Зимними днями я, бывало, бежал в темноте, под струями колючего дождя, под хлещущим ветром, чтобы успеть добраться до библиотеки господина Маркуса до шести вечера — до ее закрытия. Суровая зима стояла тогда в Иерусалиме, холод обжигал и колол иголками, по ночам в конце декабря казалось, что изголодавшиеся полярные медведи спустились из Сибири и блуждают в нашем квартале Керем Авраам. И поскольку бежал я без пальто, от моего свитера весь вечер исходил наводящий тоску, раздражающий запах влажной шерсти.
Не раз случалось, что в длинные и пустые субботы я застревал без единой крошки чтива, уже к десяти утра расстреляв весь боезапас, принесенный из библиотеки Маркуса. От жуткого голода я хватал книги с папиных этажерок, все, что попадалось под руку: «Легенда об Уленшпигеле» в переводе Авраама Шленского, «Тысяча и одна ночь» в переводе Иосефа Иоэля Ривлина, Исраэль Зархи, Менделе Мохер Сфарим, Шалом Алейхем, Кафка, Бердичевский, Рахель, Бальзак, Гамсун, Игал Мосинзон, Мордехай Зеев Файерберг, Натан Шахам, Ури Нисан Гнесин, Иосеф Хаим Бреннер, Хаим Хазаз и даже сам господин Агнон. Почти ничего я не понял, кроме того, что увидел через очки папы, — то есть, что еврейское местечко в диаспоре было жалким, убогим, ничтожным. Глупым своим сердцем не вполне прочувствовал я трагический конец еврейского местечка.
Большинство великих произведений мировой литературы папа приобретал на тех языках, на которых они были созданы, поэтому мне не дано было заглянуть в них. Все, что было там на иврите, я, если и не прочел по-настоящему, то уж, по крайней мере, понюхал. Перевернул каждый камень.

Конечно же, я читал и детское приложение к газете «Давар», и книги для детей, входившие во всеобщее «меню деликатесов»: стихи Леи Гольдберг и Фани Бергштайн, «Остров детей» Миры Любе. Читал все истории Нахума Гутмана: это были маршруты моих первых в жизни путешествий по миру, доставивших мне огромное удовольствие, — Африка, где в земле Лобенгулу жил повелитель Зулу, Париж из другой его книги «Беатриче», Тель-Авив, окруженный песками, цитрусовыми плантациями и морем. Разница между Иерусалимом и Тель-Авивом, связанным со всем остальным большим миром, представлялась мне разницей между нашей здешней зимней жизнью — в черно-белых тонах, и жизнью лета — полной красок и света.
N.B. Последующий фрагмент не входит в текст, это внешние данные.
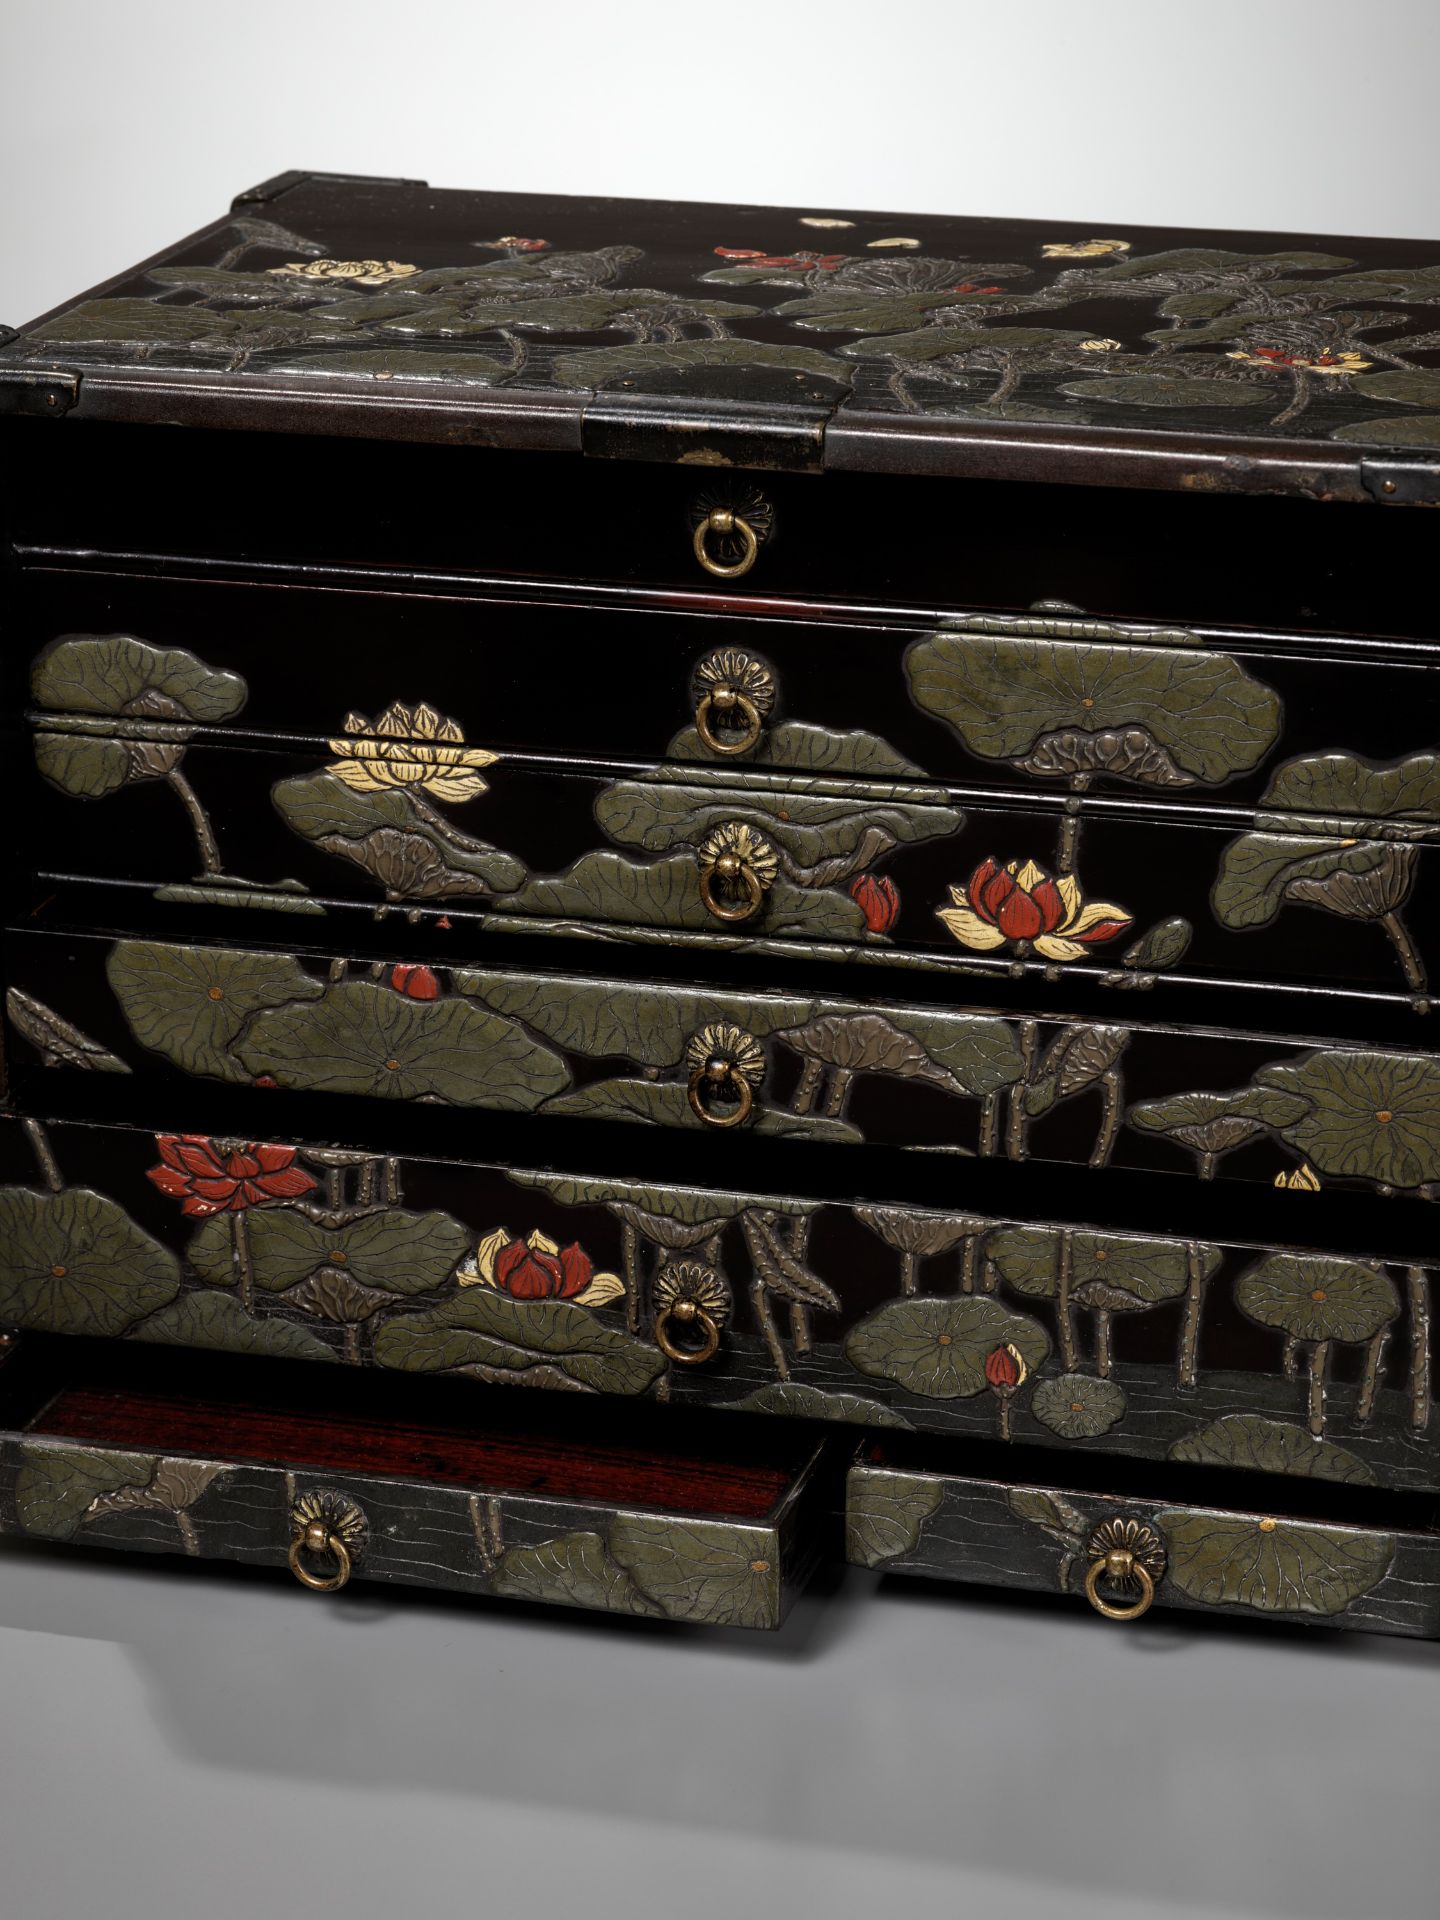 A RITSUO STYLE CERAMIC-INLAID AND LACQUERED WOOD KODANSU (CABINET) WITH A LOTUS POND AND EGRETS - Image 6 of 14

Особенно захватила мое воображение книга Цви Либермана-Ливне «На развалинах», которую я перечитывал множество раз. Жила-была во дни Второго Храма далекая безмятежная деревушка, затерянная меж гор и виноградников. Однажды добрались до нее солдаты римского легиона, вырезали всех жителей — мужчин, женщин, глубоких старцев, разграбили имущество, сожгли дома и пошли дальше своей дорогой. Но жители деревни успели спрятать в одной из горных пещер своих маленьких детей, тех, кому еще не было двенадцати, и кто не мог наравне со взрослыми участвовать в защите деревни.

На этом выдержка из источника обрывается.